Then we lay down on the grass, and Brede began to talk, in a gentle voice, as if he felt the influence of the place. He had paddled a canoe, in his earlier days, he said, and he knew every river and creek in that vast stretch of landscape. He found his landmarks, and pointed out to us where the Passaic and the Hackensack flowed, invisible to us, hidden behind great ridges that in our sight were but combings of the green waves upon which we looked down. And yet, on the further side of those broad ridges and rises were scores of villages – a little world of country life, lying unseen under our eyes.

“A good deal like looking at humanity,” he said: “there is such a thing as getting so far above our fellow-men that we see only one side of them.”

Ah, how much better was this sort of talk than the chatter and gossip of the Tabb and the Hoogencamp – than the Major’s dissertations upon his everlasting circulars! My wife and I exchanged glances.

“Now, when I went up the Matterhorn,” Mr. Brede began.

“Why, dear,” interrupted his wife; “I didn’t know you ever went up the Matterhorn.”

“It – it was five years ago,” said Mr. Brede, hurriedly. “I – I didn’t tell you – when I was on the other side, you know – it was rather dangerous – well, as I was saying – it looked – oh, it didn’t look at all like this.”

A cloud floated overhead, throwing its great shadow over the field where we lay. The shadow passed over the mountain’s brow and reappeared far below, a rapidly decreasing blot, flying eastward over the golden green. My wife and I exchanged glances once more.

Somehow, the shadow lingered over us all. As we went home, the Bredes went side by side along the narrow path, and my wife and I walked together.

Should you think,” she asked me, “that a man would climb the Matterhorn the very first year he was married?”

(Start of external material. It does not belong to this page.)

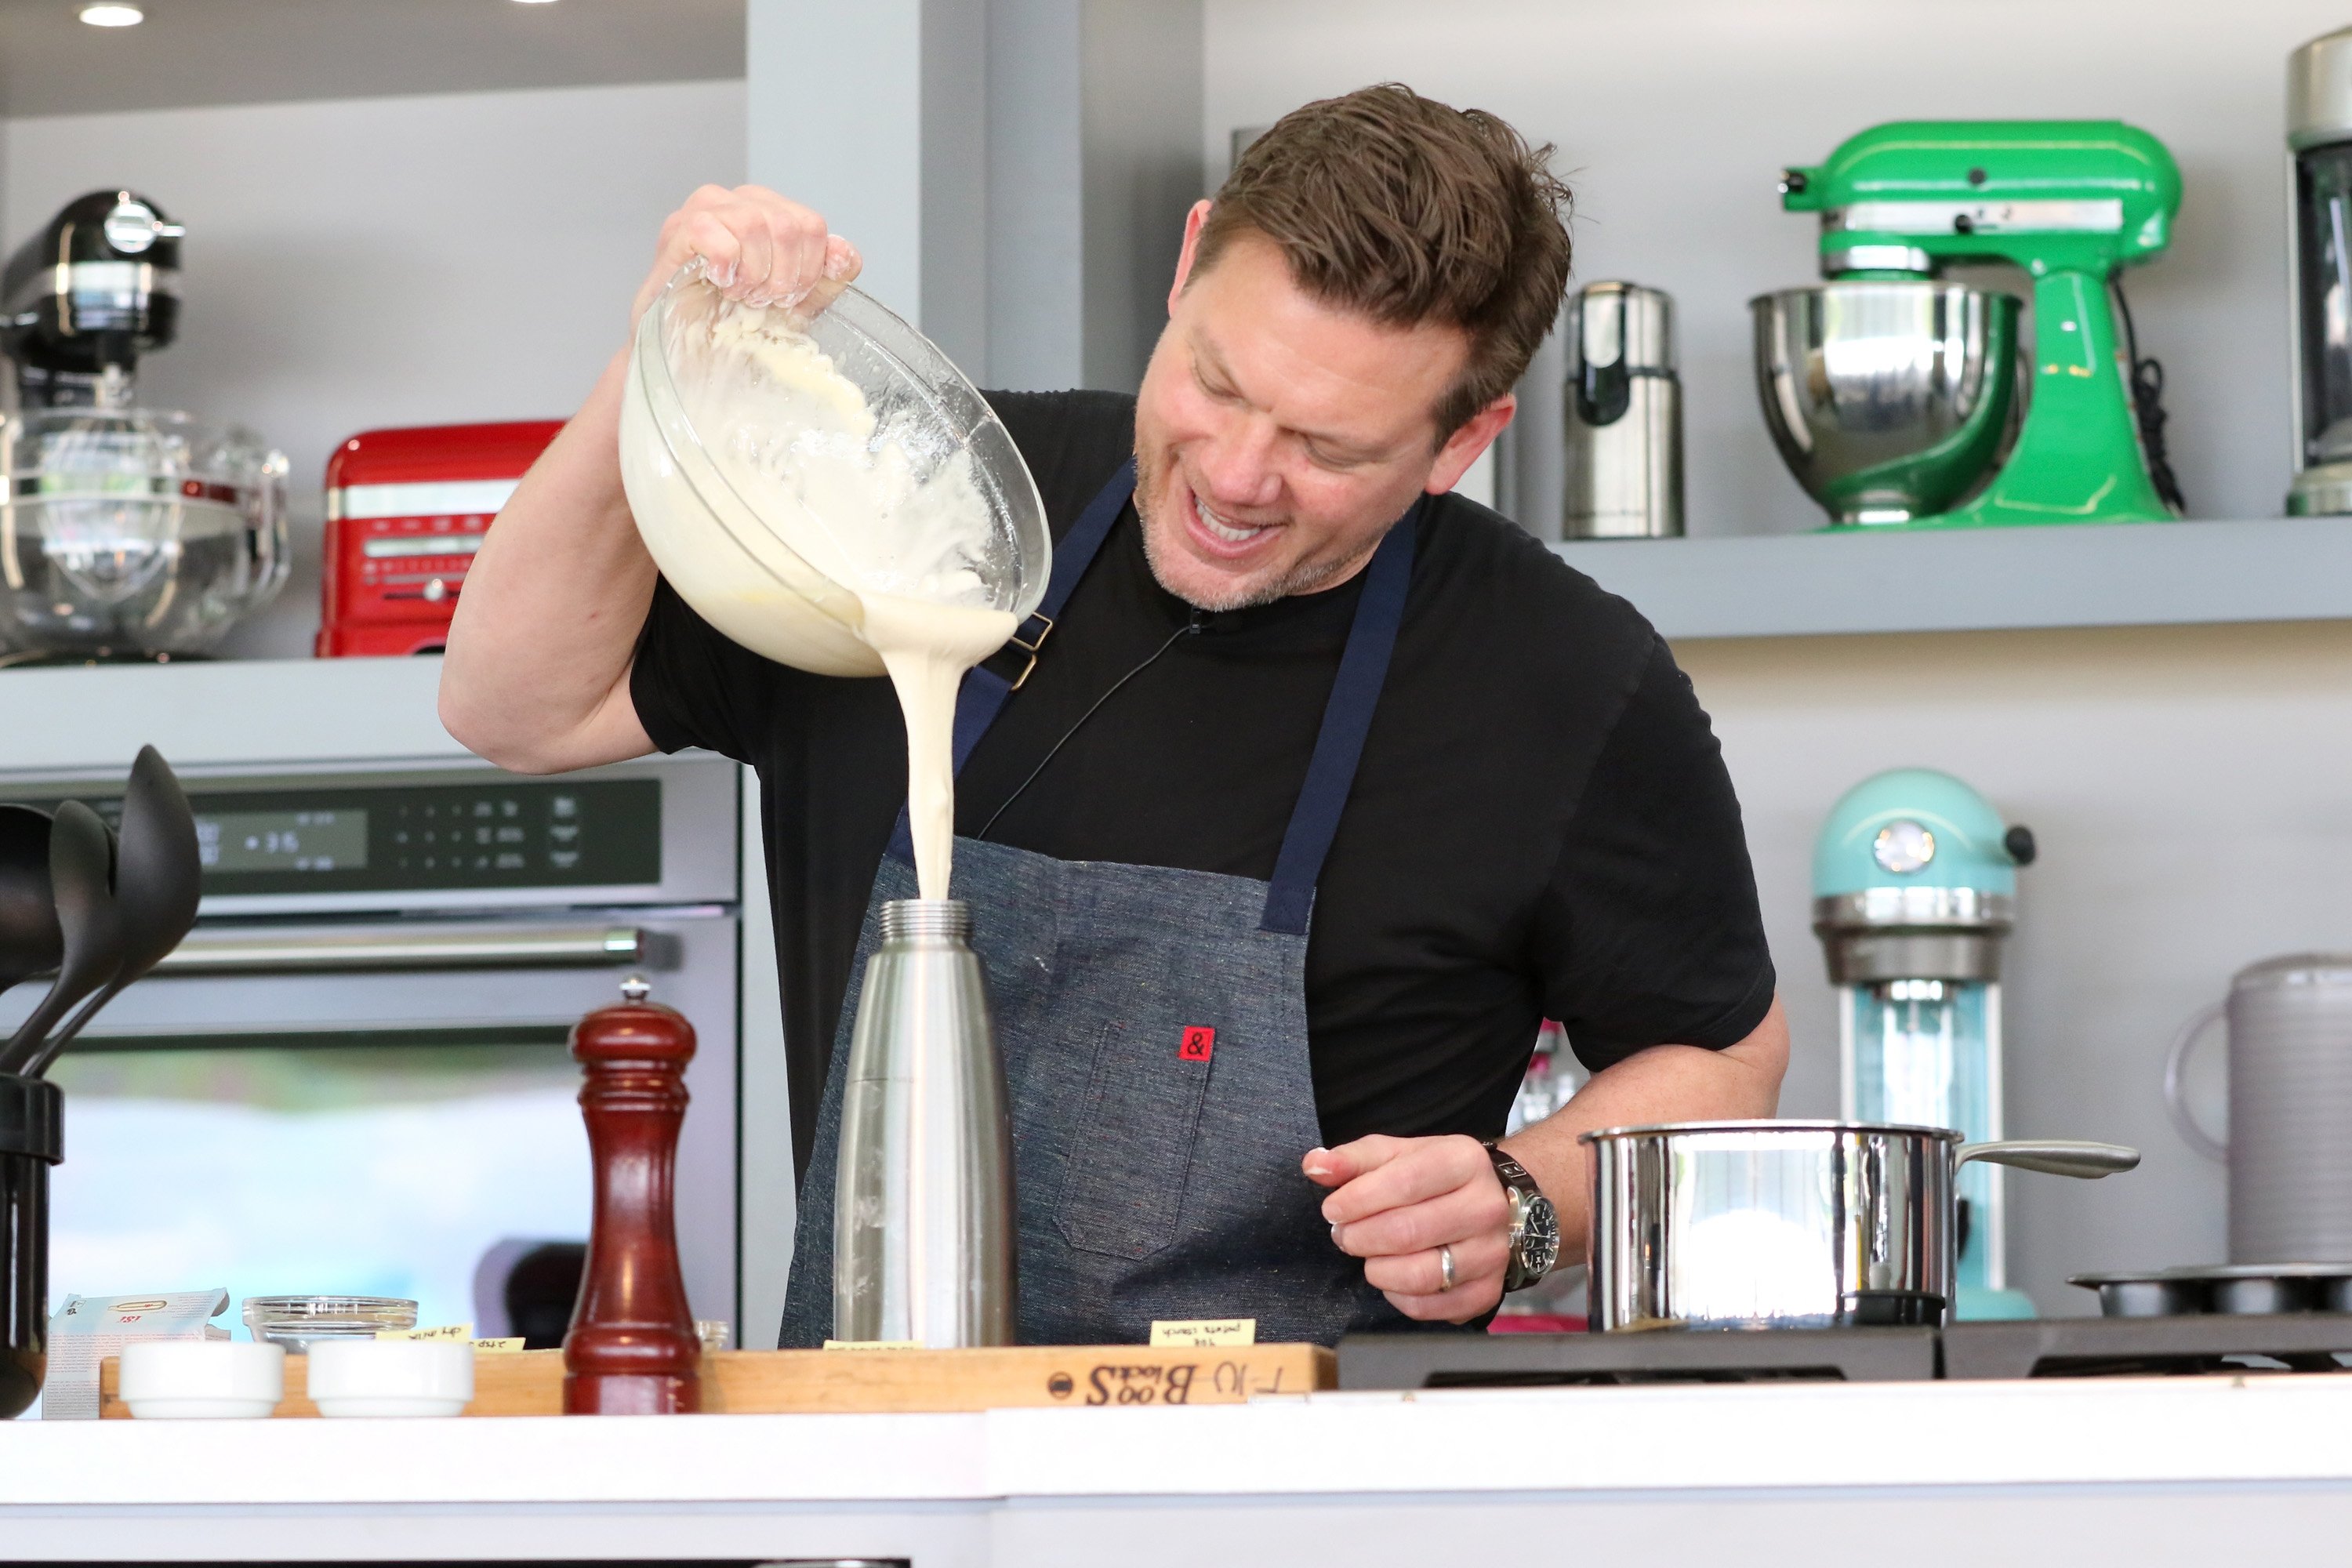 Food Network personality Tyler Florence prepares a dish in this photograph.

“I don’t know, my dear,” I answered, evasively; “this isn’t the first year I have been married, not by a good many, and I wouldn’t climb it – for a farm.”

“You know what I mean,” she said.

I did.

***

When we reached the boarding-house, Mr. Jacobus took me aside.

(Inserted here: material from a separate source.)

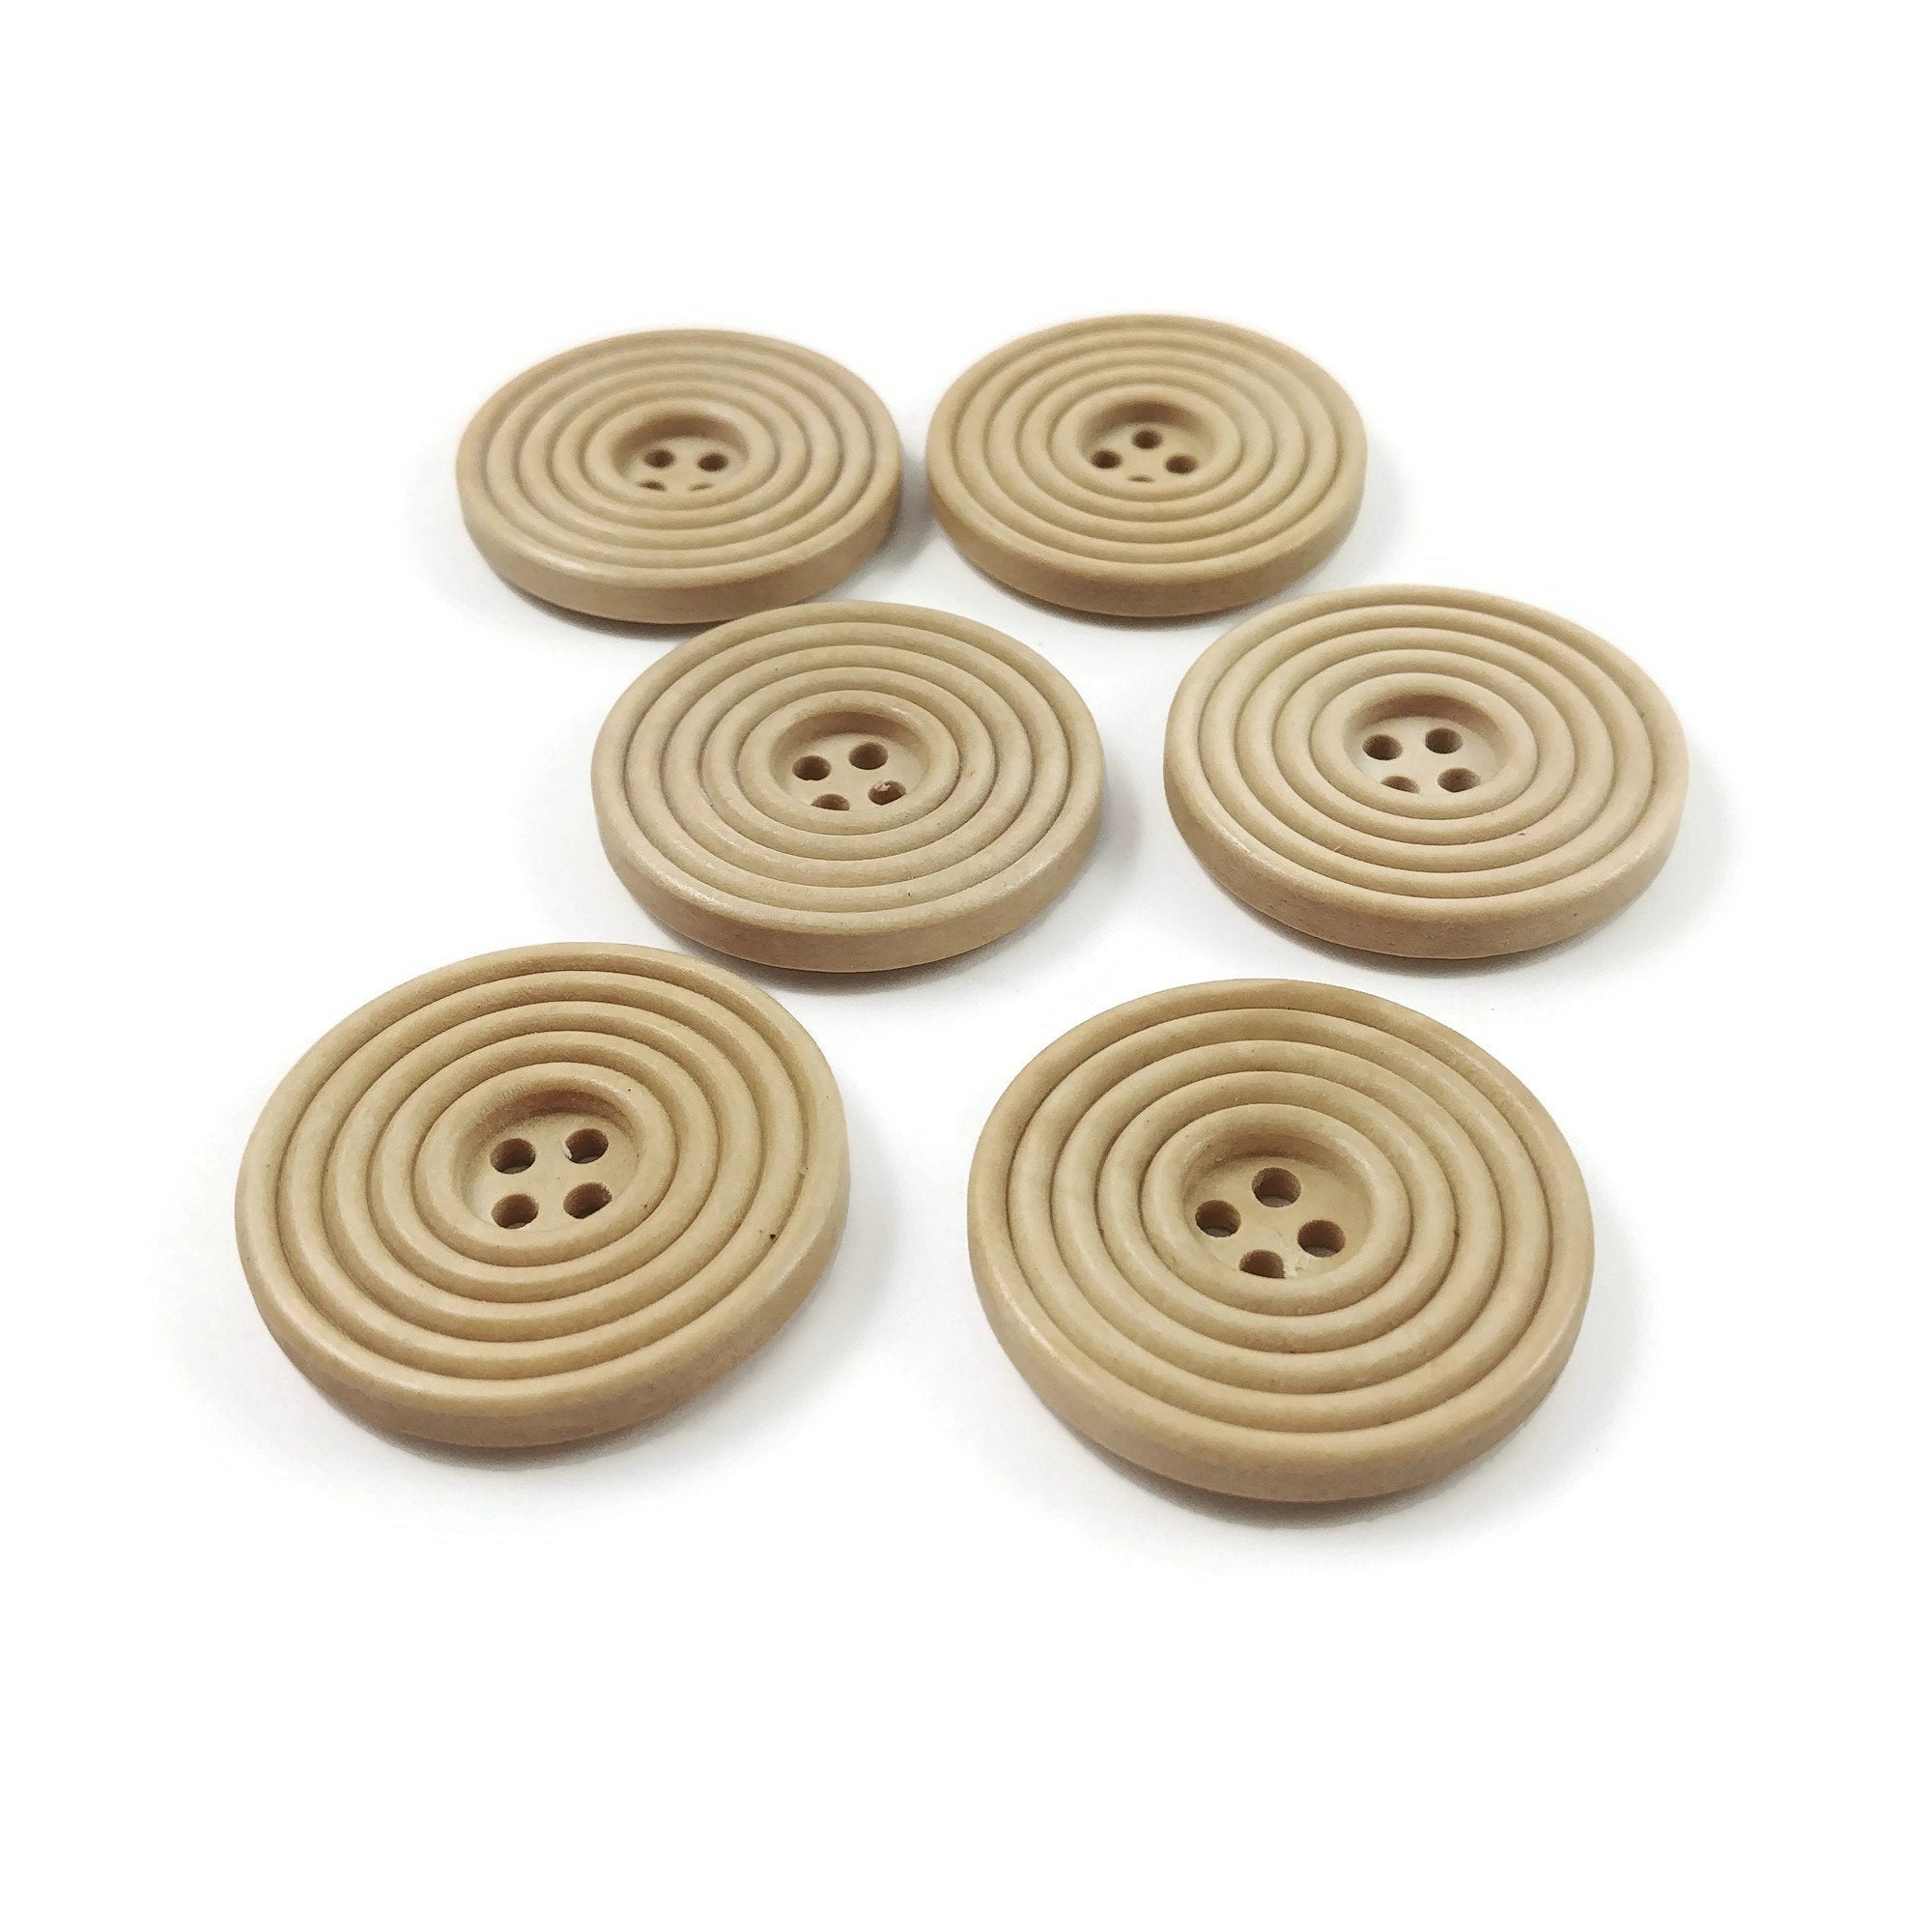 Wooden sewing buttons 30mm - set of 6 natural circle wood button

“You know,” he began his discourse, “my wife, she used to live in N’ York!”

I didn’t know; but I said “Yes.”

“She says the numbers on the streets runs criss-cross like. Thirty-four’s on one side o’ the street an’ thirty-five on t’ other. How’s that?”

“That is the invariable rule, I believe.”

“Then – I say – these here new folk that you ’n’ your wife seem so mighty taken up with – d’ ye know any thing about ’em?”

“I know nothing about the character of your boarders, Mr. Jacobus,” I replied, conscious of some irritability. “If I choose to associate with any of them – “

“Jess so – jess so!” broke in Jacobus. “I hain’t nothin’ to say ag’inst yer sosherbil’ty. But do ye know them?”

“Why, certainly not,” I replied.

“Well – that was all I wuz askin’ ye. Ye see, when he come here to take the rooms – you wasn’t here then – he told my wife that he lived at number thirty-four in his street. An’ yistiddy she told her that they lived at number thirty-five. He said he lived in an apartment-house. Now there can’t be no apartment-house on two sides of the same street, kin they?”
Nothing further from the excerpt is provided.